Stored data: Begin
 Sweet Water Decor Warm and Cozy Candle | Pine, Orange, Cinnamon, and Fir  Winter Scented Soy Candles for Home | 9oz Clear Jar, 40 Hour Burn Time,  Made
Stored data: End
Stored data: Begin
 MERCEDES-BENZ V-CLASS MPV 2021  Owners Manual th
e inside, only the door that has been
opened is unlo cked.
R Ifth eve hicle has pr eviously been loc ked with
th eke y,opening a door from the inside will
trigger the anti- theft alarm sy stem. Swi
Stored data: End
*Work required*.
Retype the records above, but only those lines that fall between the line containing "R Ifth eve hicle" and the line containing "trigger the anti- theft alarm sy stem. Swi", with both of those lines included, exactly as written.

*Exercise response*.
R Ifth eve hicle has pr eviously been loc ked with
th eke y,opening a door from the inside will
trigger the anti- theft alarm sy stem. Swi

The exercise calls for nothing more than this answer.